Die erste Frage, die man sich stellt, sobald der Film anfängt: wo waren
wir eigentlich letztes Mal stehen geblieben? Neo war bewußtlos
umgefallen, nachdem er die Wächter aufgehalten hatte. Agent Smith,
der erfolgreich den Weg in einen menschlichen Körper beschritten hat,
befindet sich auf derselben Krankenstation und plant sicherlich nichts Gutes.

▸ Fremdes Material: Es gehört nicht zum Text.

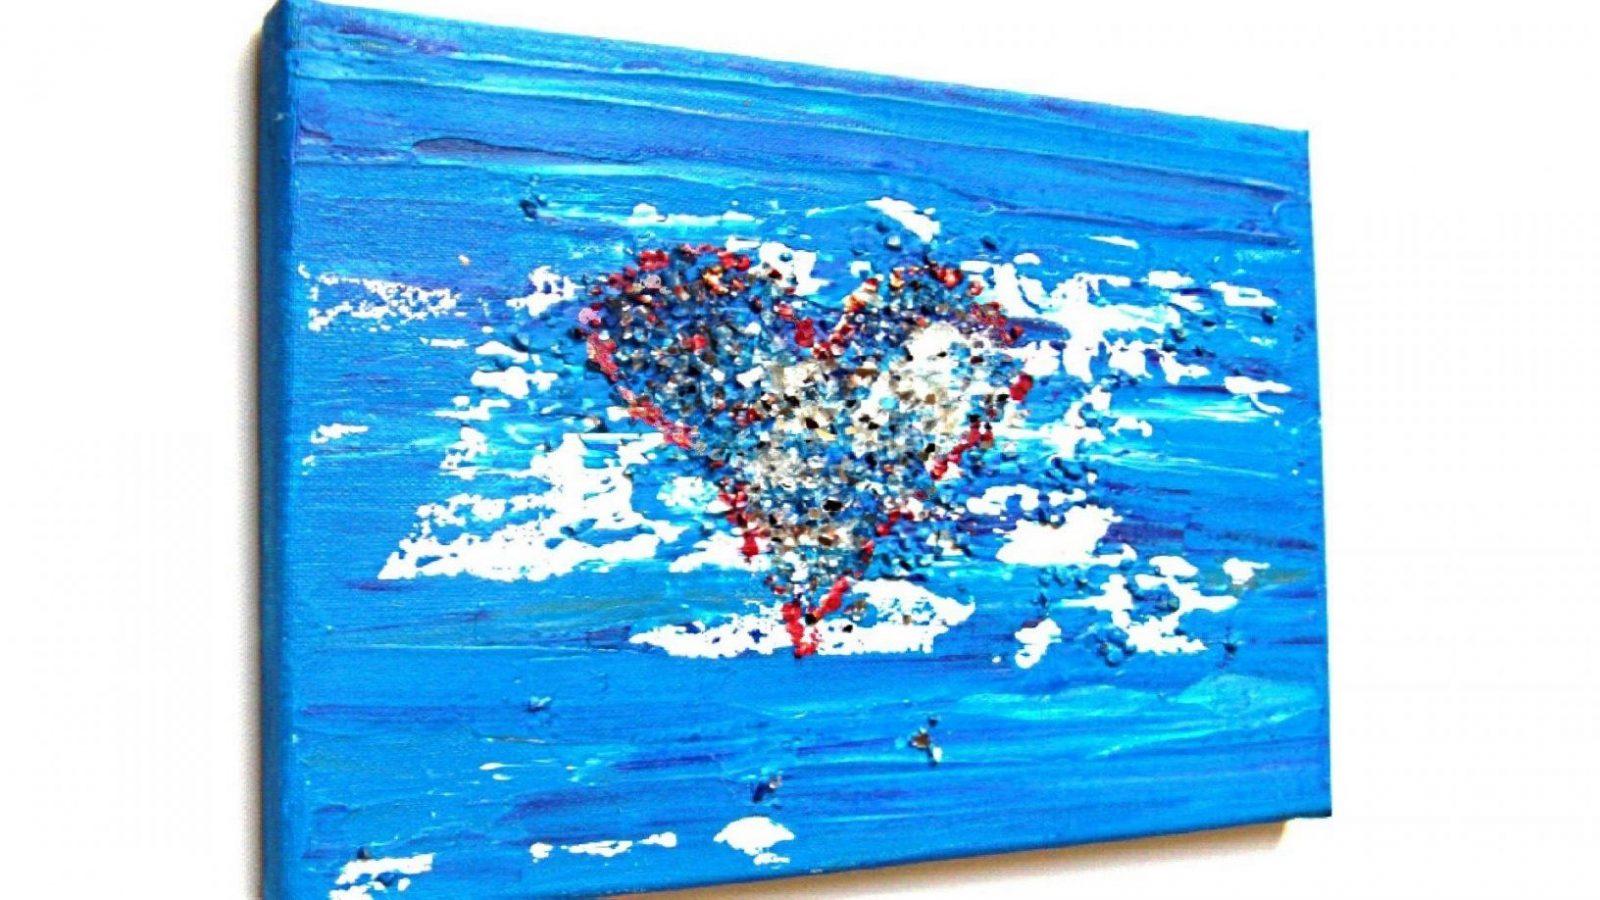 Herz Acryl Malen Für Anfänger (Heart Acrylic Painting For von Abstrakt Malen Für Anfänger Bild
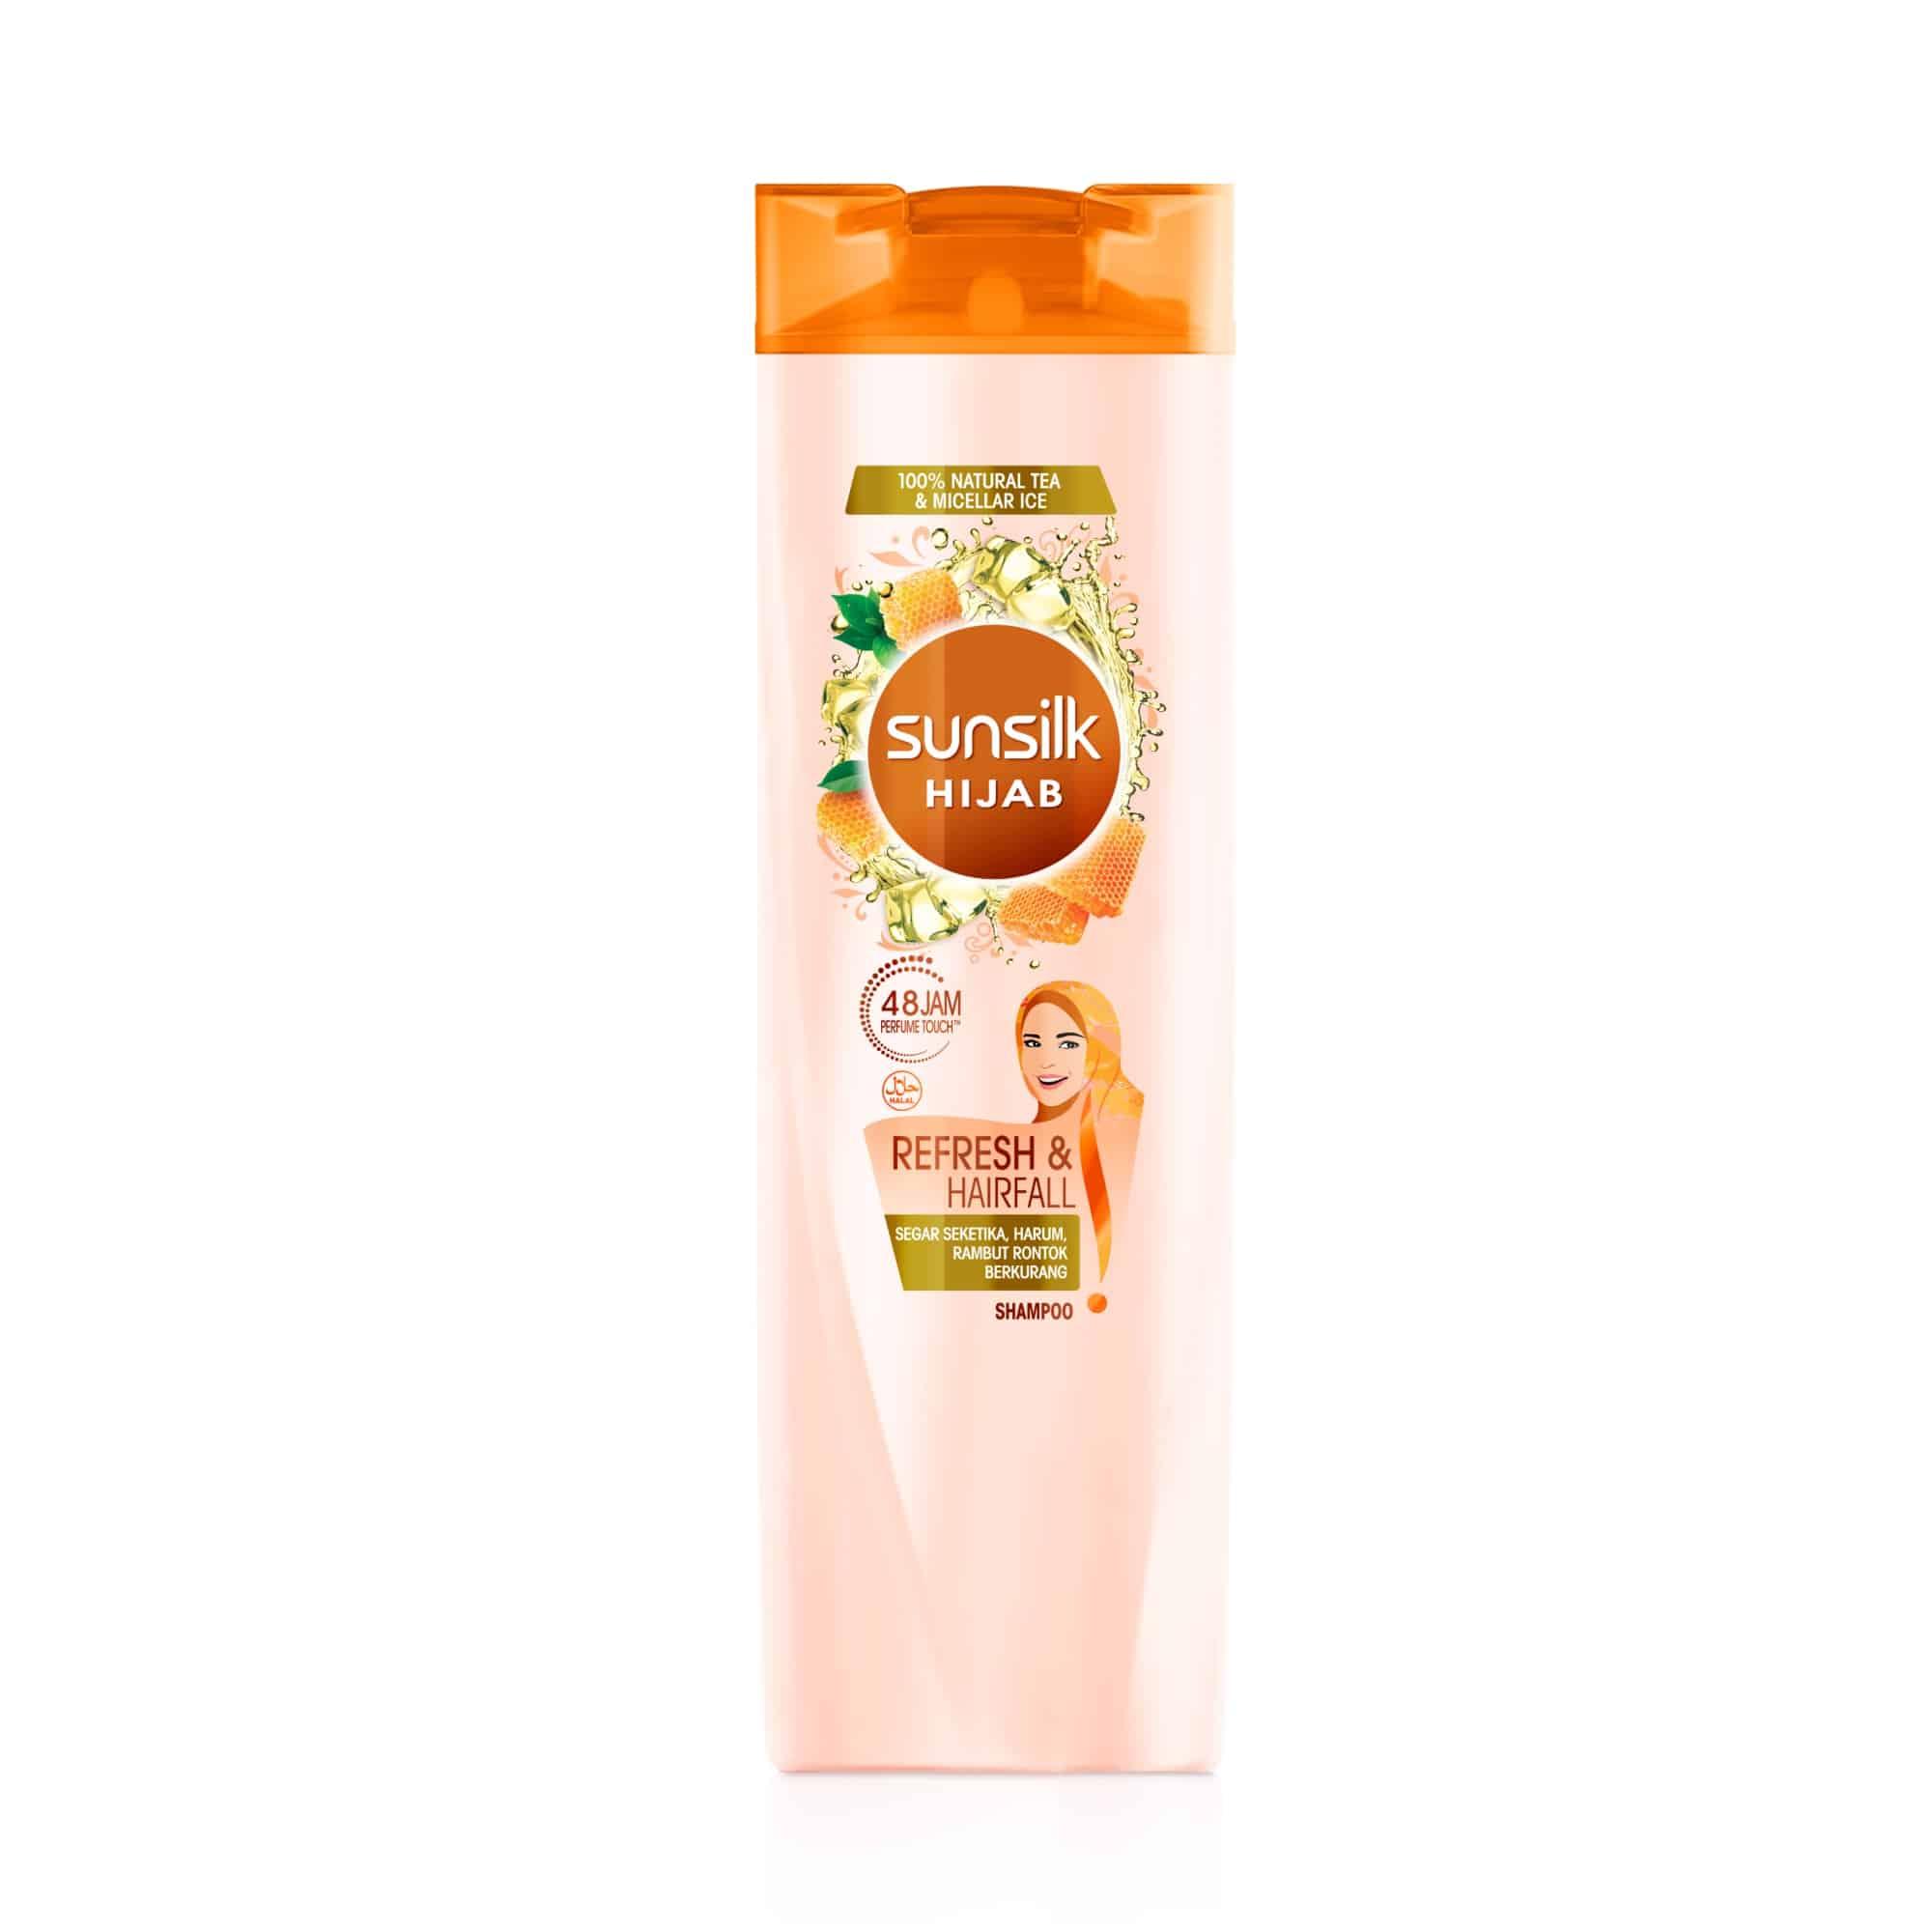 Sunsilk-Hijab-Recharge-Hairfall-Solution-Shampo

Währenddessen bohren die Maschinen weiter und werden innerhalb der
nächsten Stunden Zion erreichen - das kann das Ende der Menschheit
sein.
Aber wird es das auch sein? Sicherlich ist keiner überrascht, daß
es Trinity und Morpheus gelingt, Neo zu retten, d.h. seinen Geist von dort
zu holen, wohin er denn nun verschwunden ist. Danach trennen sich die Wege:
Neo und Trinity machen sich auf den Weg zur Maschinenstadt, um dem ganzen
Unheil und vor allem Agent Smith ein Ende zu setzen, während die
anderen (Morpheus, Niobe und der Rest der Crew) sich eilends nach Zion
aufmachen, um dort beim letzten Gefecht der Menschheit zu helfen. Ende
ungewiß? Nicht wirklich.
Meine Meinung
Ganz ehrlich: ich bin enttäuscht. Die schlechten Kritiken hatten mich ja schon darauf vorbereitet, aber dennoch... dieser Film ist bis auf ein paar Szenen, die zusammen etwa eine Minute dauern, langweiliger als ein Kanten Brot. Die Geschichte ist völlig absehbar und vorhersagbar, was den Film ziemlich langweilig macht. Die Special Effects sind eher schlechter als beim zweiten Film, tausende von Wächtern mögen ein paar Minuten lang sehr unterhaltsam sein, aber nicht 90 Minuten. Das einzige, was dieser Film vorzuweisen hat, ist ein bißchen Pathos. Ist das nicht traurig?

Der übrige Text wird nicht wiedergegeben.